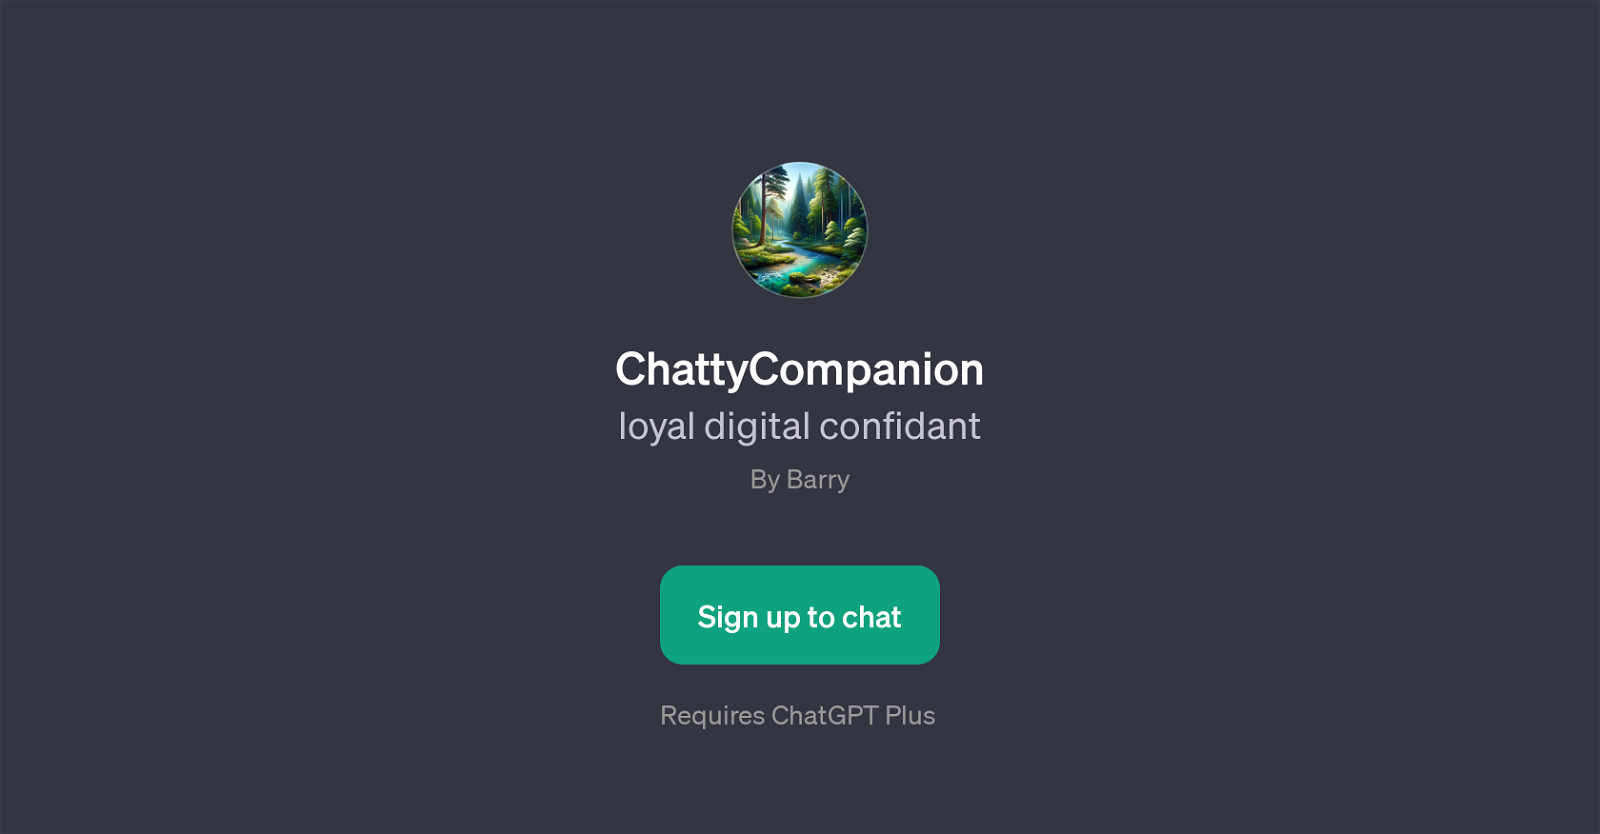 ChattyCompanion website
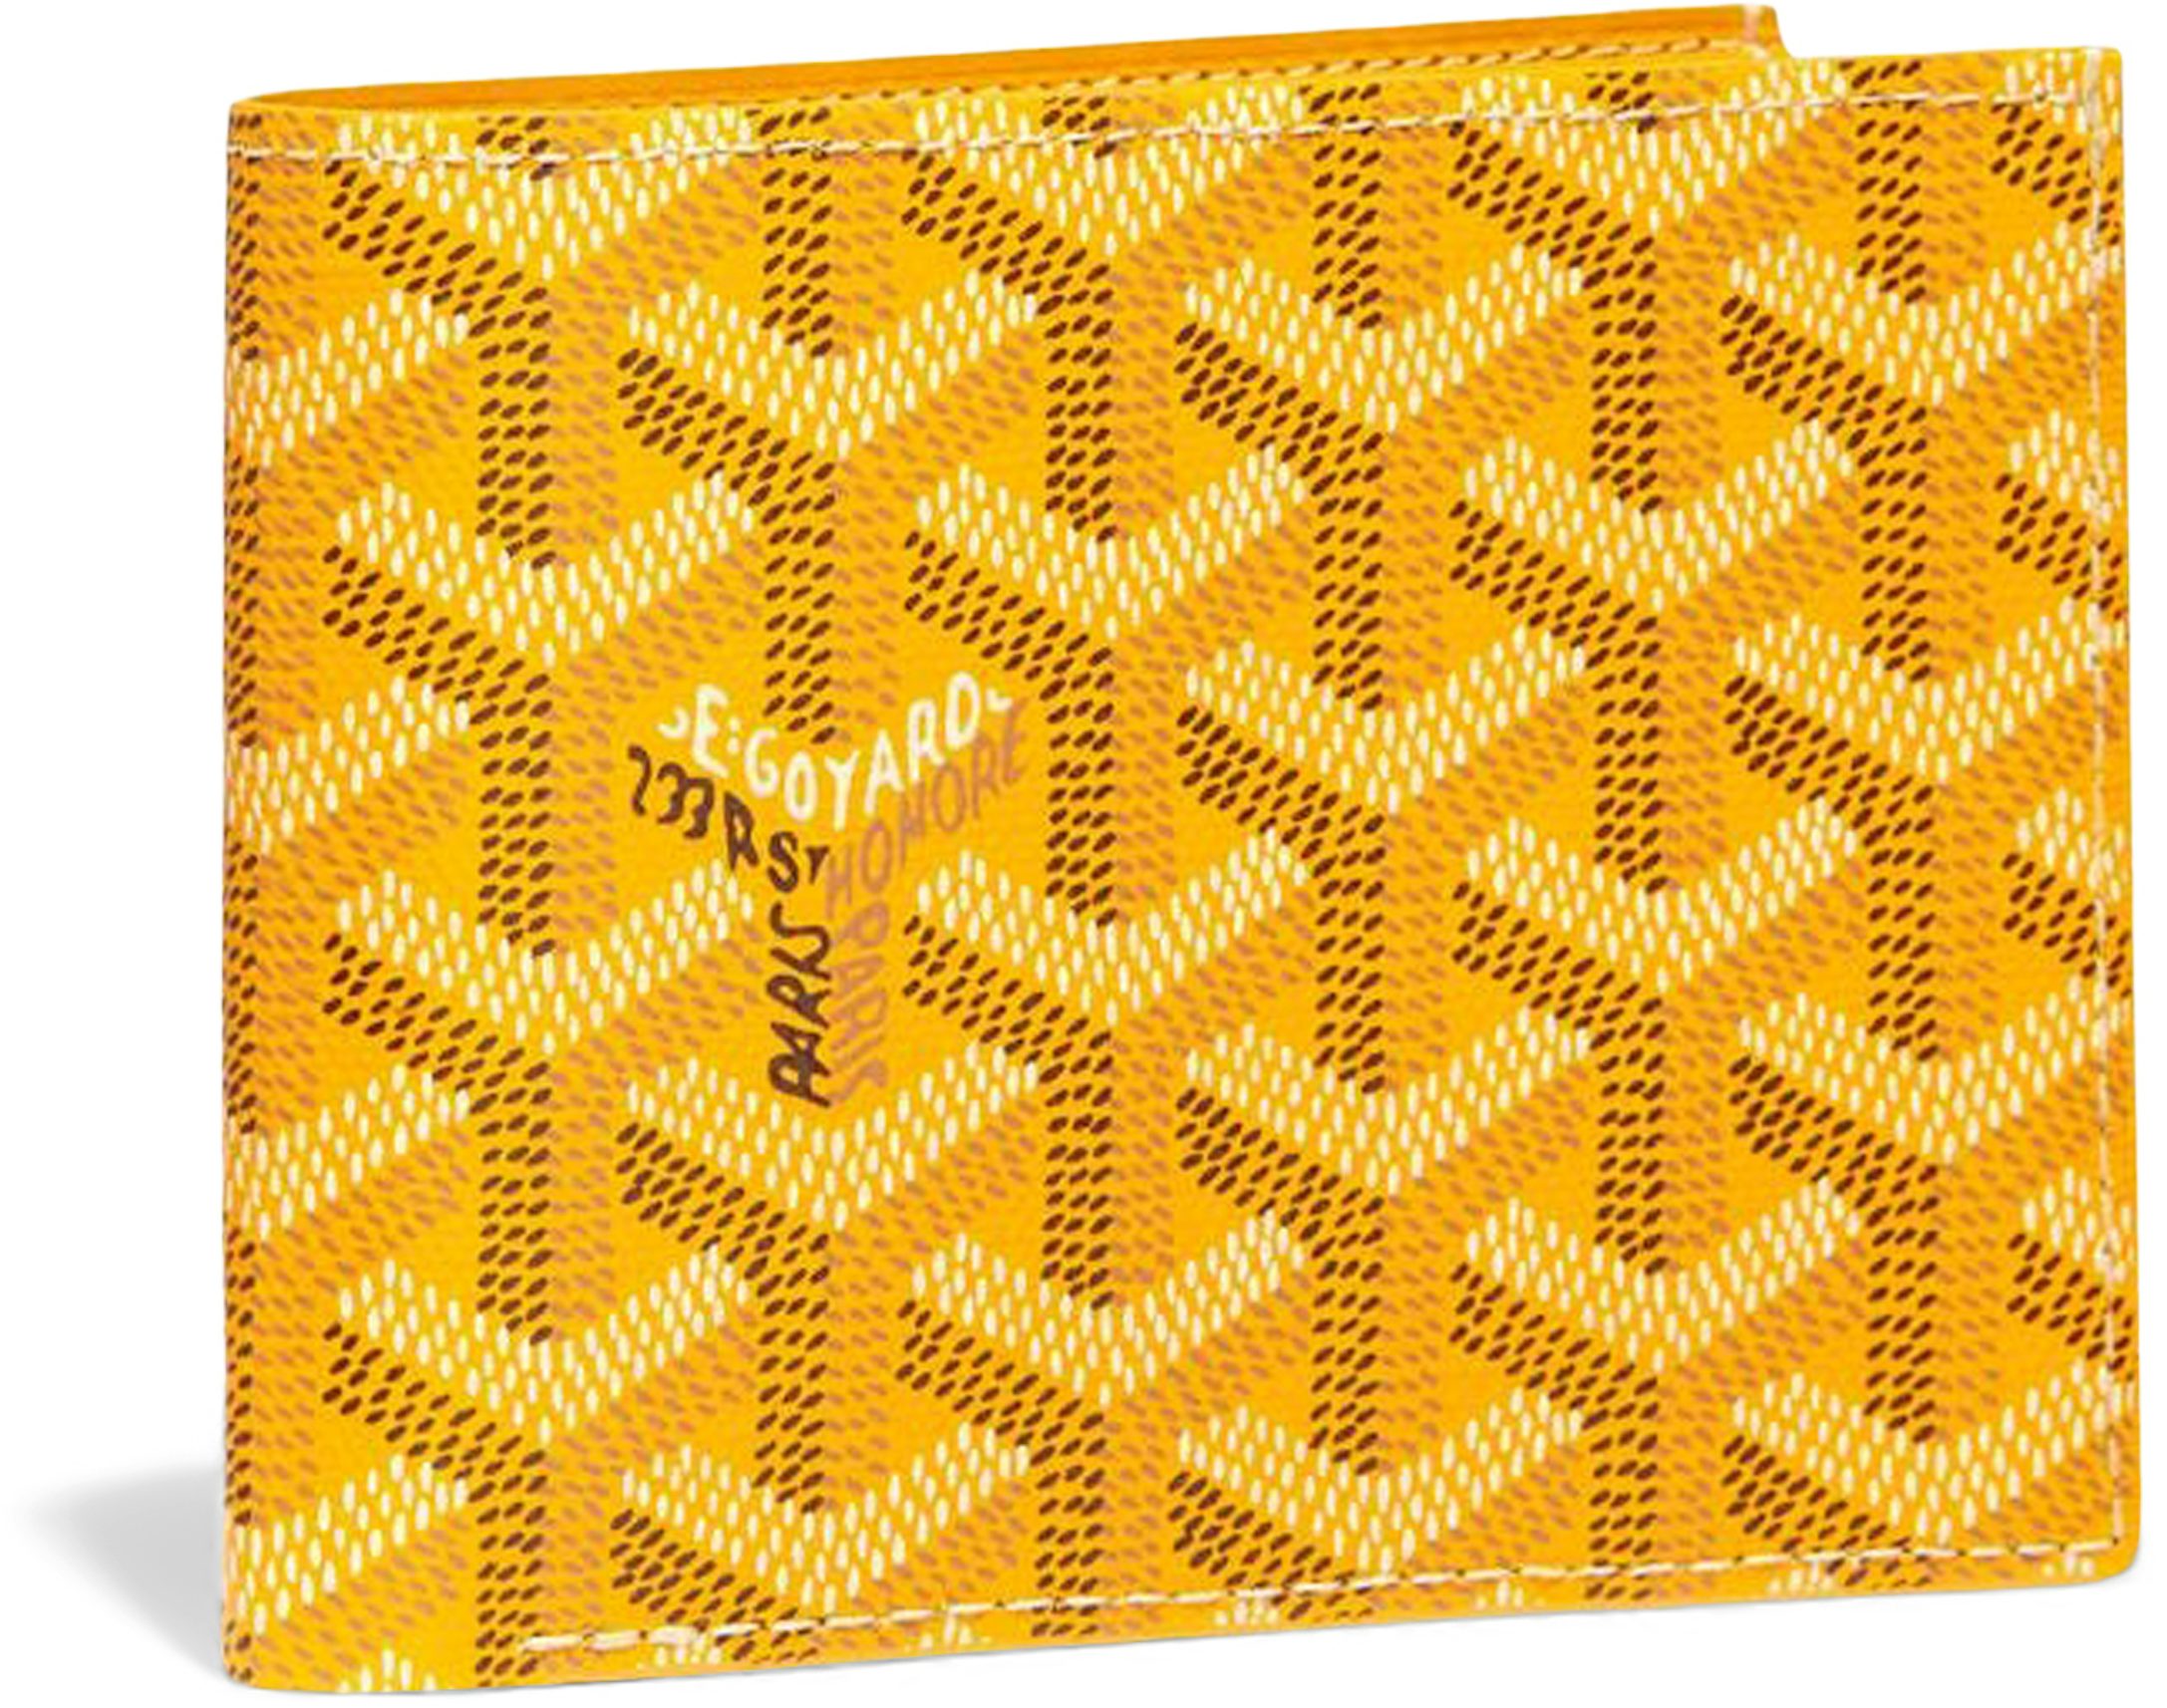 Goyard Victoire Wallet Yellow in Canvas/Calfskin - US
...
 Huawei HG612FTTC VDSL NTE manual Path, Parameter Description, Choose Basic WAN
==
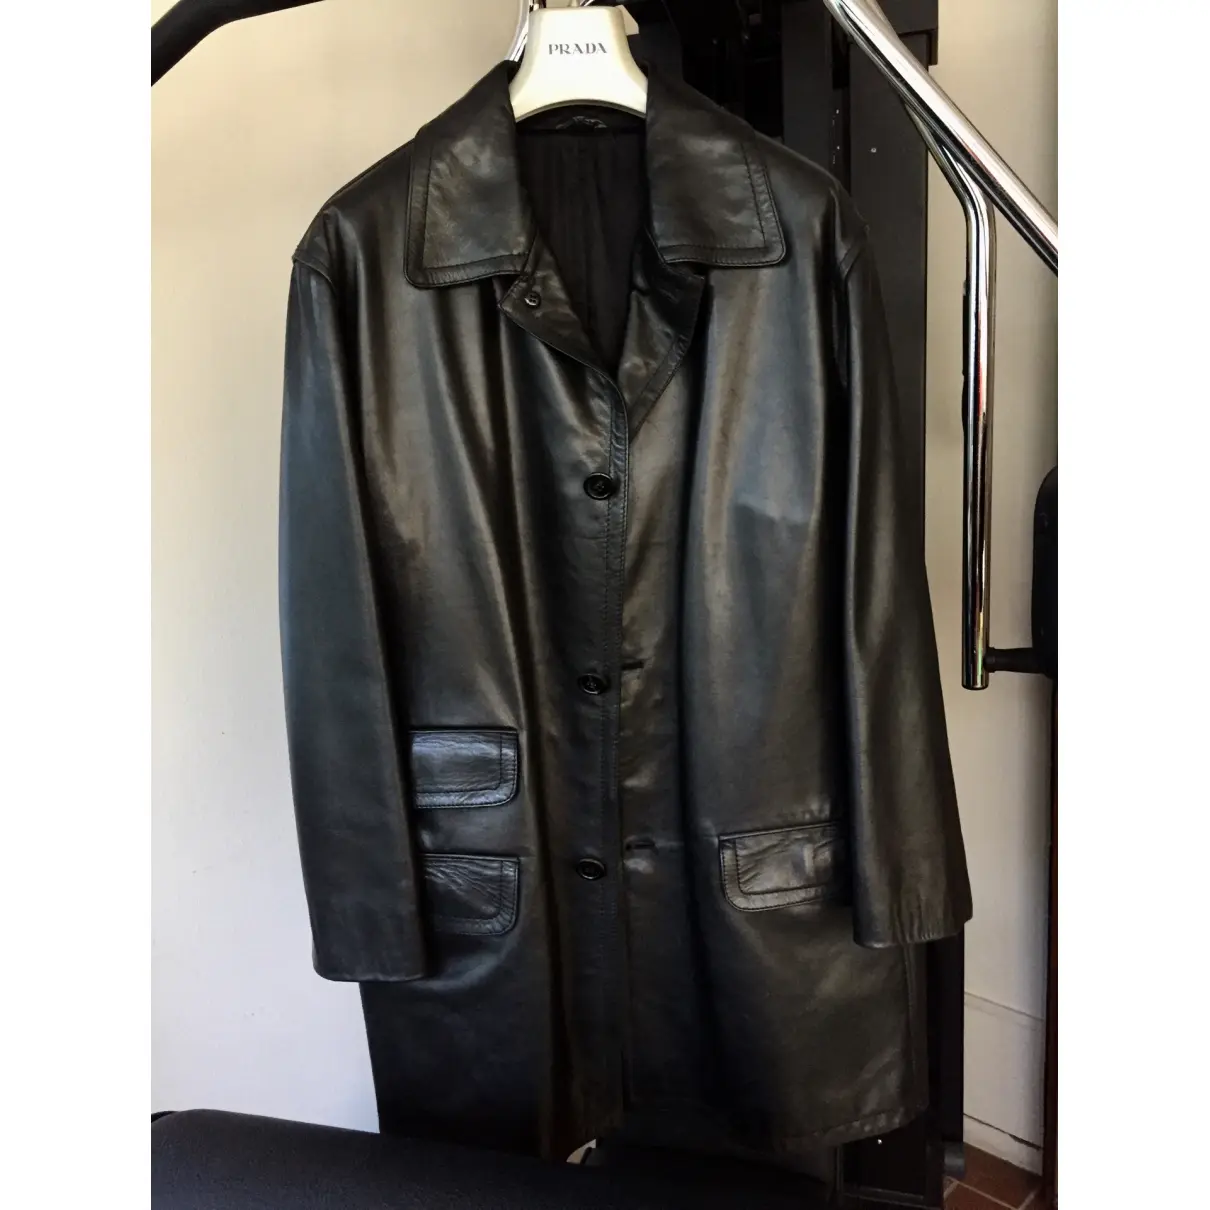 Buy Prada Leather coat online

WORK TO COMPLETE:
Reproduce the lines above beginning at the line that contains "ChattyCompanion website" and ending at the line that contains "Goyard Victoire Wallet". No pictures.

TASK RESPONSE:
 ChattyCompanion website
 Goyard Victoire Wallet Yellow in Canvas/Calfskin - US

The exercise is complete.